Los estamos viendo
El gobernador del Estado Enrique Alfaro encabeza un grupo político cada vez más pequeño, en donde no tienen cabida ni las mujeres, ni otros personajes que no integren la sexenal familia feliz. Este club cuenta con un delfín al que muchos tapatíos no comprenden, del que esperan cosas que no llegan, y además saben que está enfermo: Ismael del Toro Castro. Por eso, para medirlo rumbo a los procesos 2021-2024 habría que saber cuáles son sus fortalezas si las tuviera, y sus debilidades, que ya afloran.

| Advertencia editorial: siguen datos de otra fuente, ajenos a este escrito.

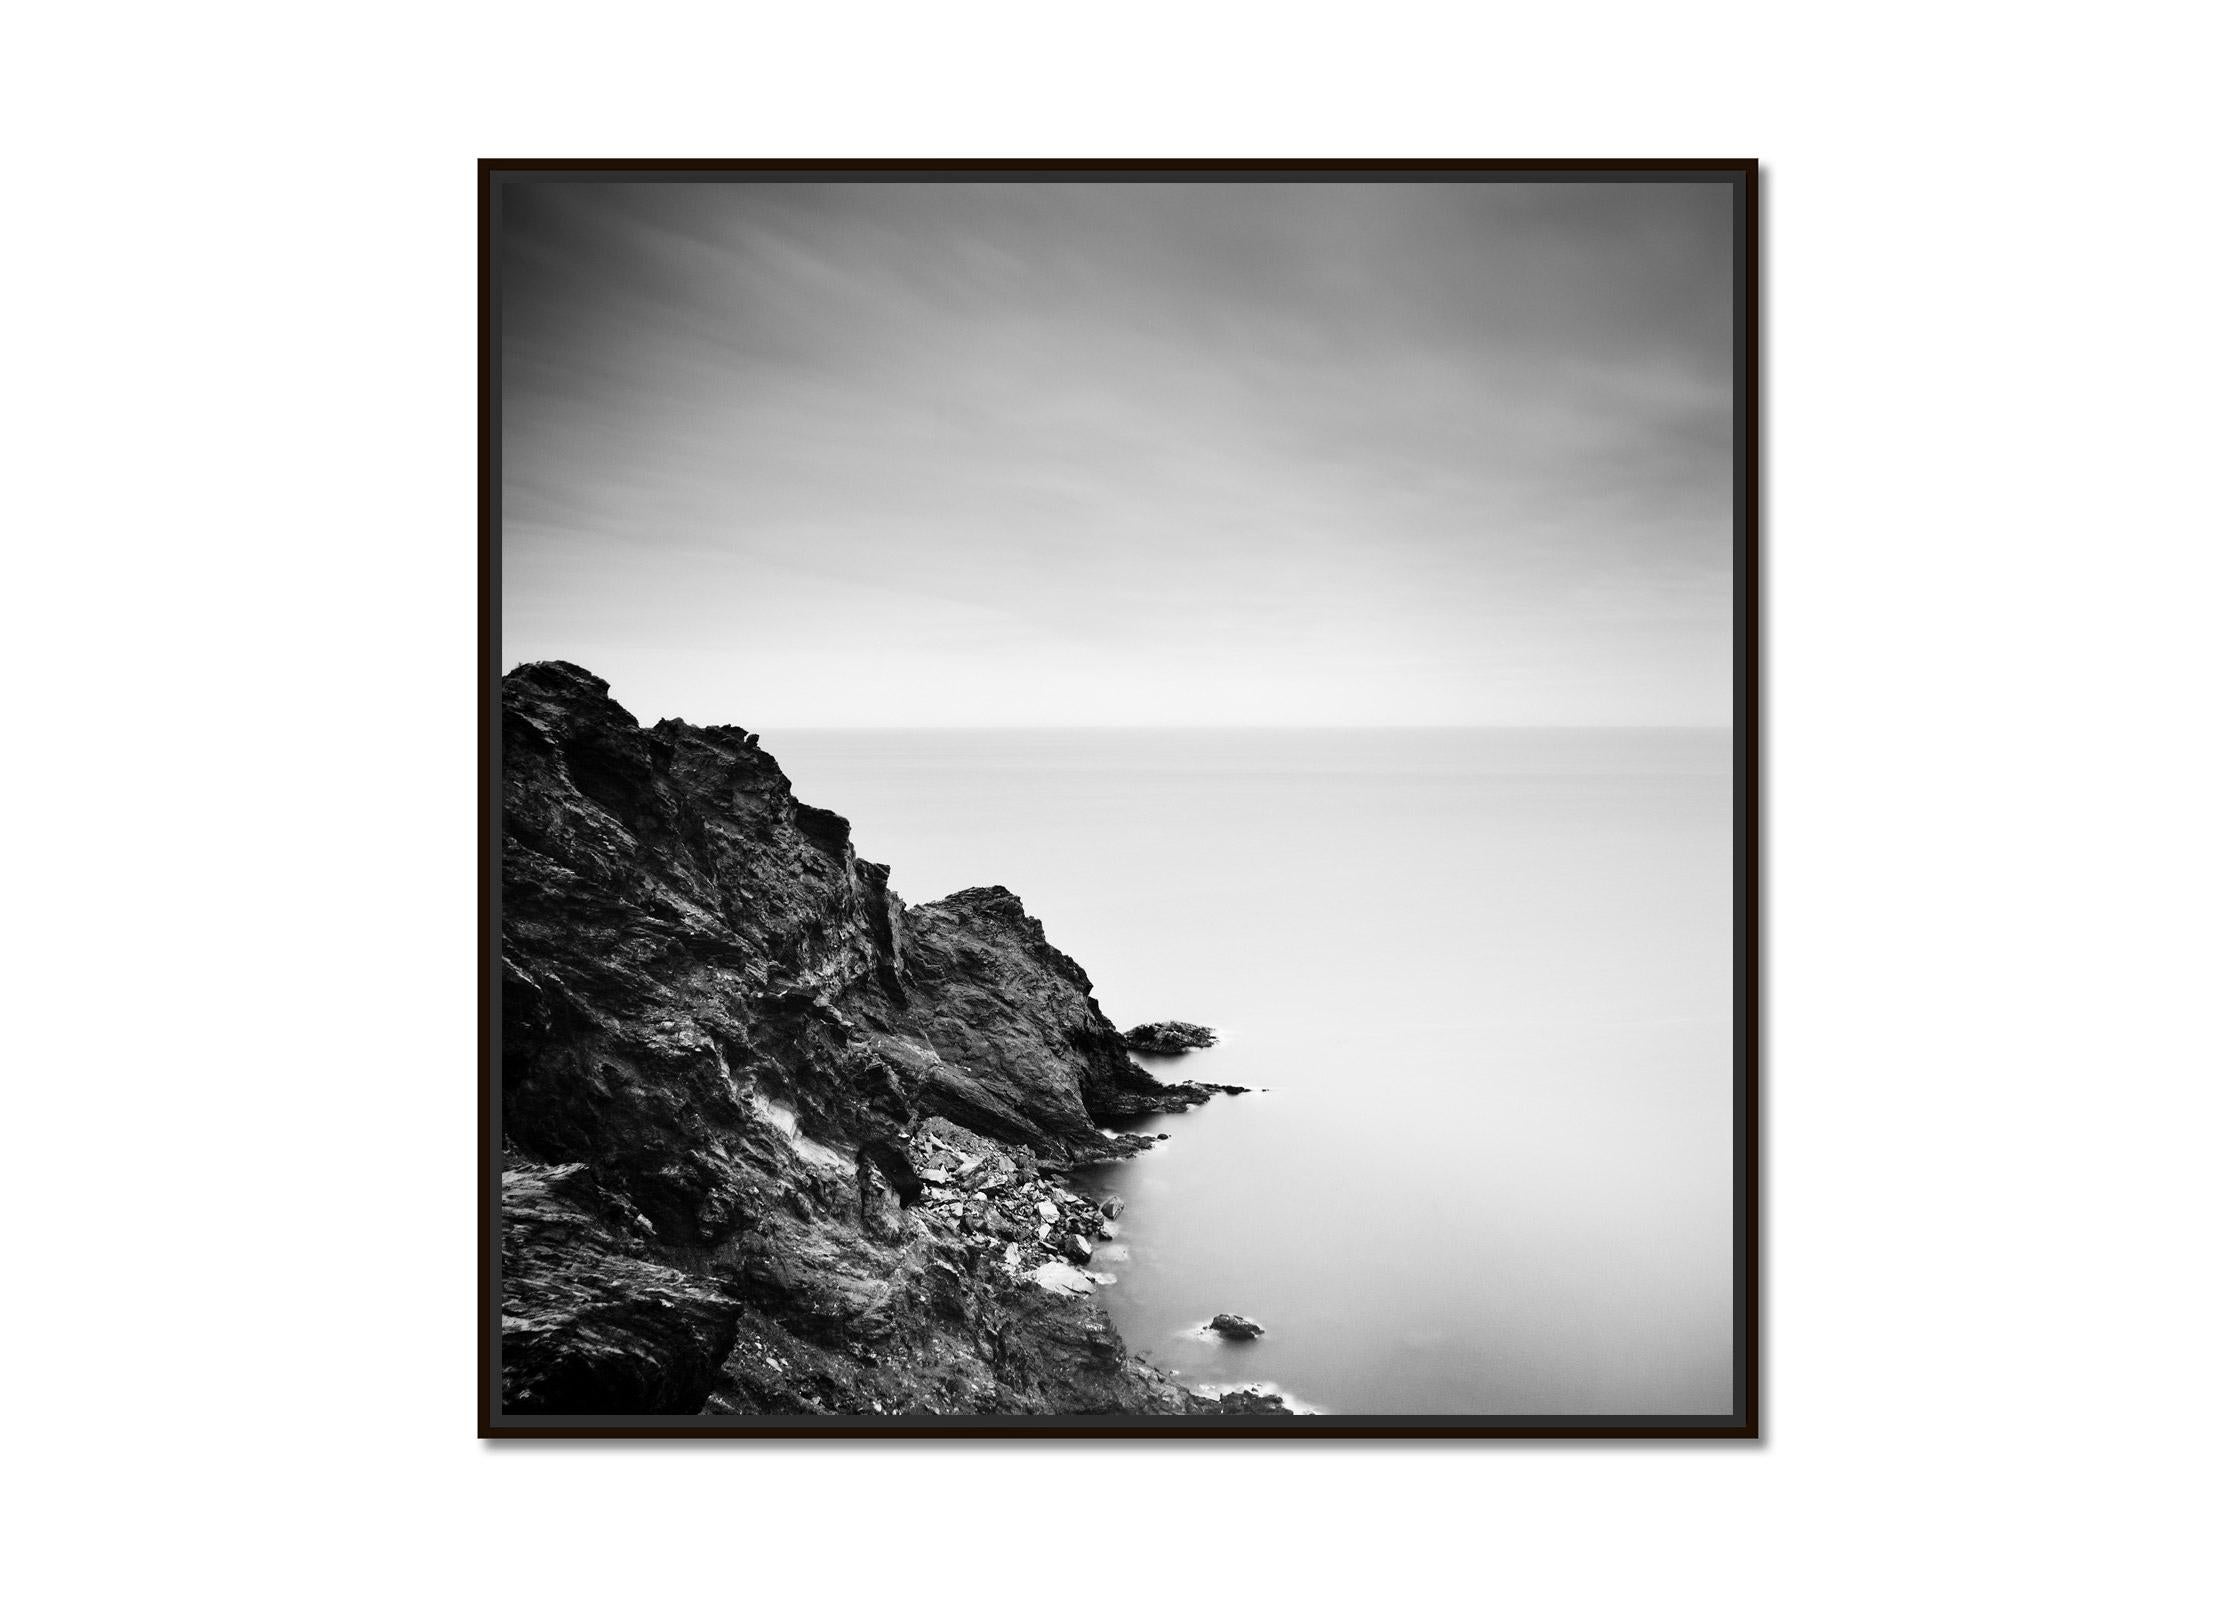 Atlantic Coast, Cliff, Portugal, Schwarz-Weiß-Fotografie, Kunstlandschaft – Photograph von Gerald Berghammer, Ina Forstinger

1.- A simple vista, es el presidente municipal de Guadalajara más débil de los últimos 20 años. Nada que ver con Gabriel Covarrubias Ibarra; Enrique Dau Flores; Alberto Mora López en la era del PRI; incluso nada qué hacer frente al primer panista que gobernó la ciudad César L. Coll Carabias quien lo aventajaba en liderazgo; o Francisco Javier Ramírez Acuña que llegó a gobernador de Jalisco; Héctor Pérez Plazola; Fernando Garza Martínez; Emilio González Márquez que ganaría la gubernatura; Ernesto Espinoza; Alfonso Petersen Farah; Juan Pablo de la Torre Salcedo; y en el efímero retorno del PRI Aristóteles Sandoval; Francisco Ayón López; Ramiro Hernández García; Enrique Alfaro Ramírez y Juan Enrique Ibarra Pedroza. Si usted contrasta sus perfiles, incluso de los interinos, entenderá por qué a Ismael del Toro se le ve más que gris. Y eso que no traje a la memoria a Arnulfo Villaseñor o a Eugenio Ruiz Orozco.

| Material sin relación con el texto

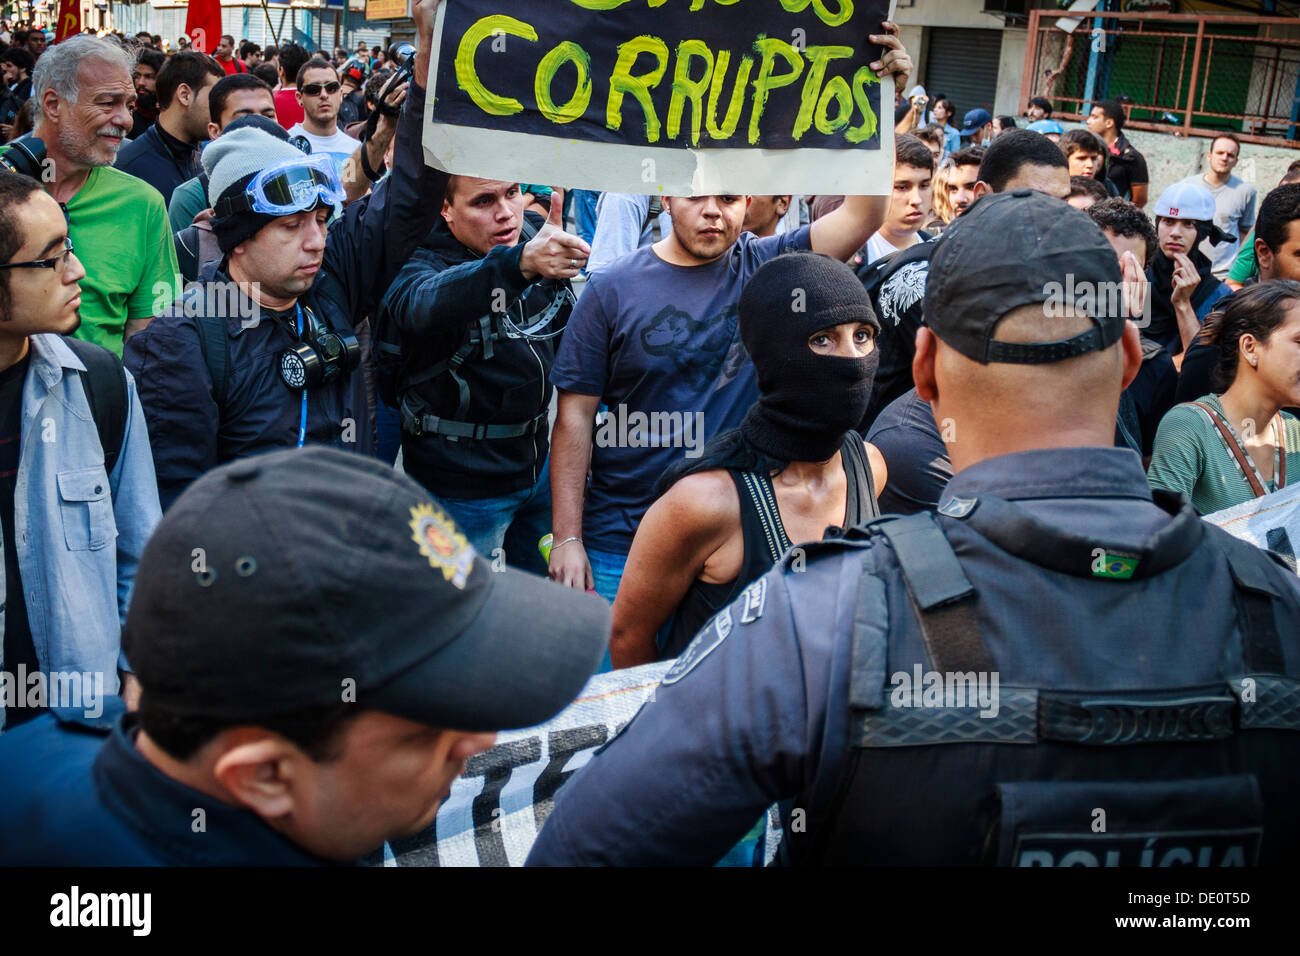 Au cours de protestation le 7 septembre - l'indépendance du Brésil - se termine dans la violence et la brutalité policière. Un homme âgé est touché et tombe Banque D'Images

2.- El presidente municipal del Toro forma parte del alfarismo, movimiento emergente que semeja no un proyecto político sino una manada formal donde no hay más líderes que el gobernador Enrique Alfaro. Quien disiente, se va. Así ha ocurrido con Carlos Lomelí Bolaños, Alberto Uribe Camacho, y otros más. Ismael del Toro marcha delante de Clemente Castañeda, de Hugo Luna, y de Salvador Caro, pero hasta ahí. Es el hijo político de Alfaro y los demás son hermanos. Ismael es un operador político dócil, pero no un actor político. Si disiente más allá de sus dichos vespertinos, Alfaro le cancelaría patrocinio. Además, el proyecto alfarista es político-empresarial; fue el quitar a unos para beneficiarse ellos.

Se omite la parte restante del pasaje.